If scheme pays were clearer in the NHS, such that it showed a pending debit in pension terms rather than a loan amount, the member would be able to determine the impact of this on both their pension in retirement and their lifetime allowance.
Claire Trott is head of pensions technical at St James’s Place Group
Wider reforms needed?
Some commentators believe the experience of doctors within the NHS is evidence of how complicated the pension tax system is, and could be used to spur wider reform.
Intelligent Pensions technical director Fiona Tait says: “The NHS issues have simply focused a spotlight on the underlying problems with the annual allowance taper. The taper should be removed or at the very least rethought because it is artificial and unworkable, and not because of the effect on a single group of workers.
“I would like to see a return to the principles of simplification. Instead of a plethora of different allowances and tapers, I would prefer to see a single, lower annual allowance which affects everyone.

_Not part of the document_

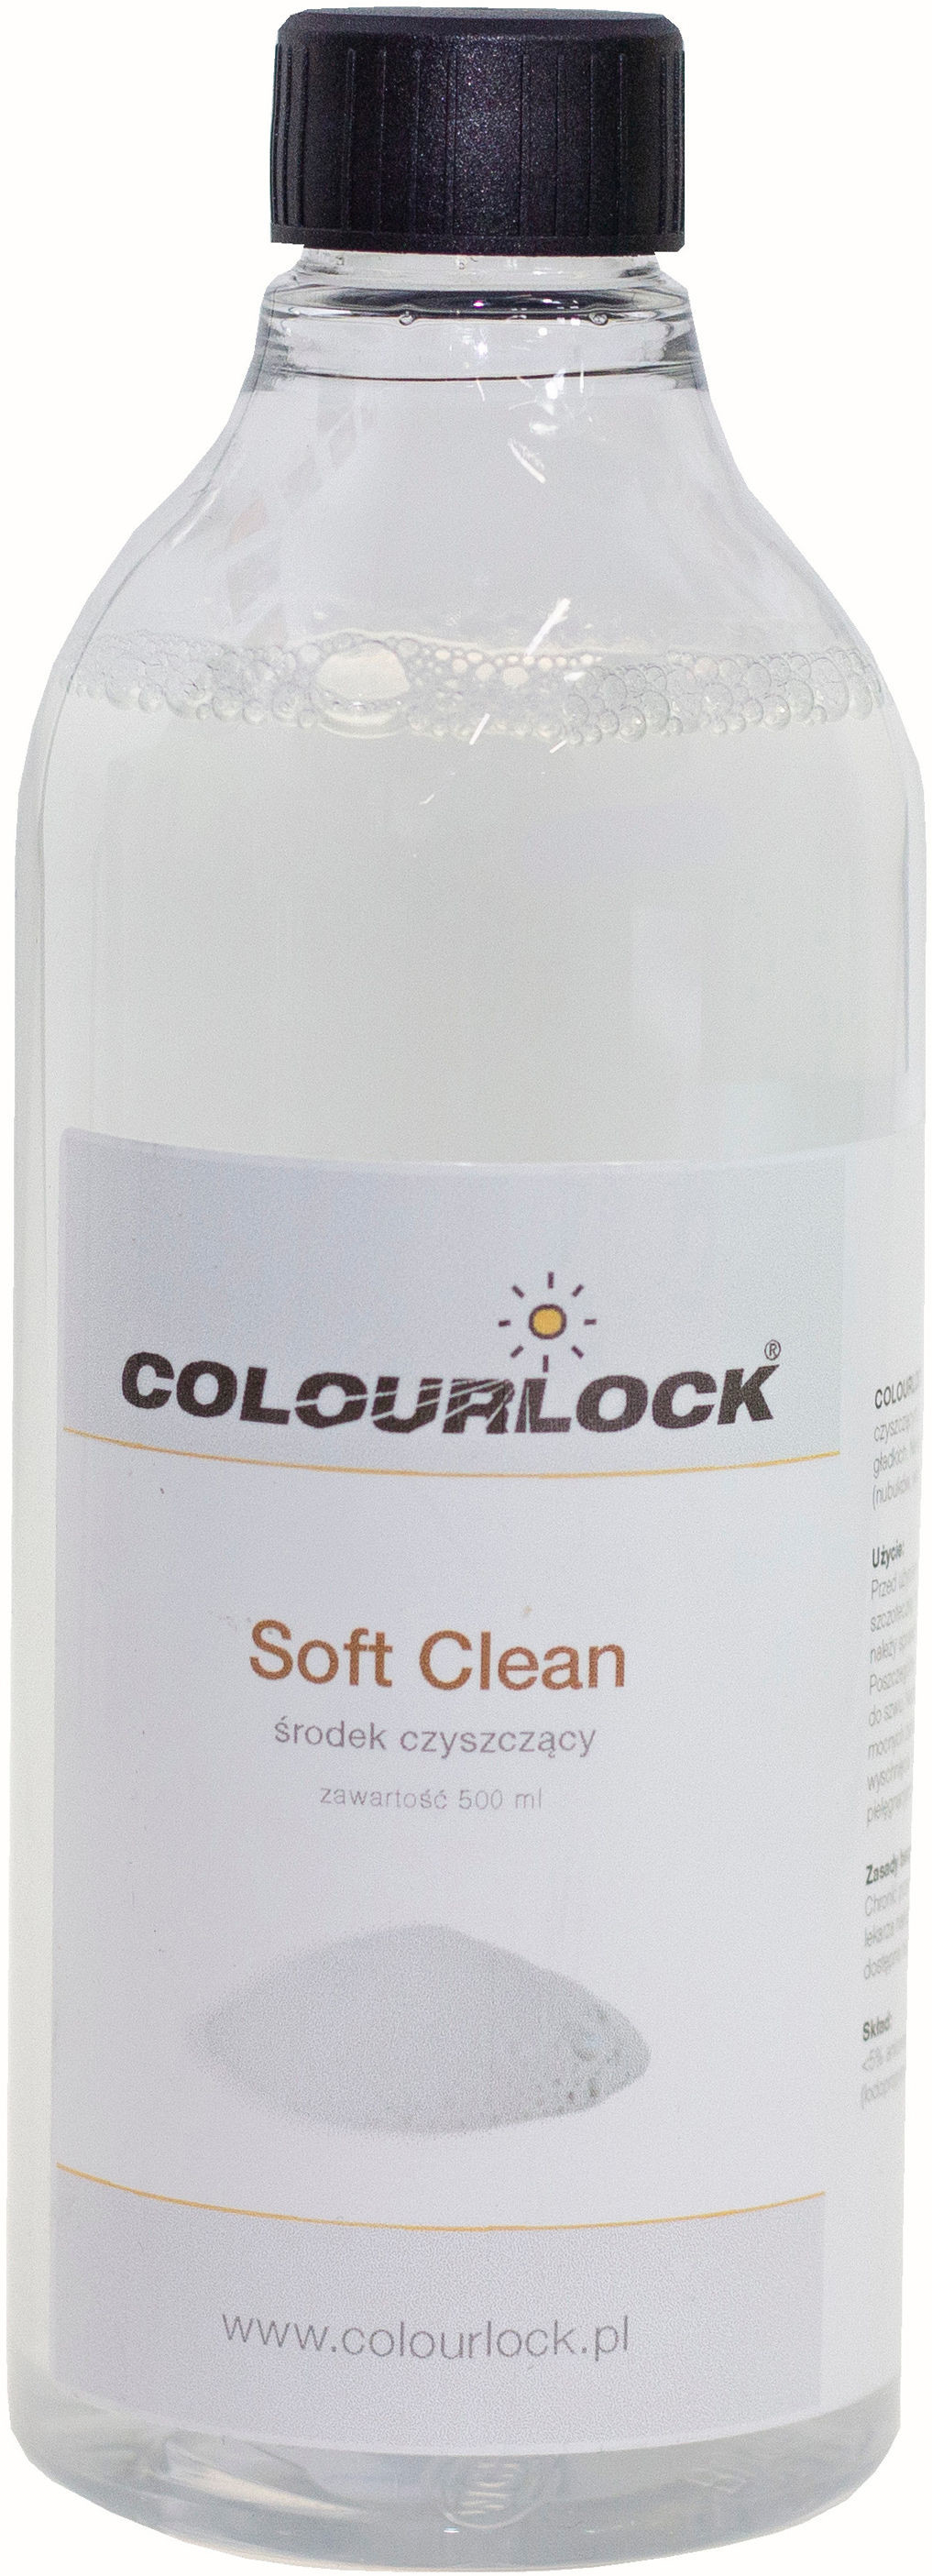 COLOURLOCK lederzentrum Cleaner Soft produkt do regularnego czyszczenia skóry 500ml COL000100

“This would still have a greater proportional effect on high earners as they are essentially the only ones who can afford to contribute up to £40,000 in one tax year.”
Tait also argues it is critical to understand the connection between related but distinct matters.
She adds: “There are two issues at play here: the implementation of the annual allowance taper and the reward structure of the NHS.
“If the issue is primarily affecting one group of employees, then the solution lies with that sector.
“If, as I believe is the case, the NHS issues are simply an example of a wider problem, then that is the time for the government to take action.
“Pensions are very long-term savings vehicles and many unforeseen issues have arisen when changes are brought in without the input of those who must implement them.
“A clear exception to this is the automatic enrolment initiative, which was designed by an independent commission with cross-party support.”
It appears any action the government takes to resolve the NHS issues could be fraught with difficultly, as there will always be a constituency that finds something unfair.
Curtis Banks pensions technical manager Jessica List says: “Wider changes to the annual allowance and lifetime allowance, and greater efforts to help people understand how their pensions work, could help all savers and not just doctors.
“The difficulties facing doctors have helped highlight that the current pension tax system does not always work to incentivise saving and is prohibitively difficult to understand.
“However, these issues are not exclusive to doctors. If significant changes are made to address these issues, they should affect all savers.
“Adding to already complex rules with further layers of exemptions and provisions for certain groups will not help in the longer term.”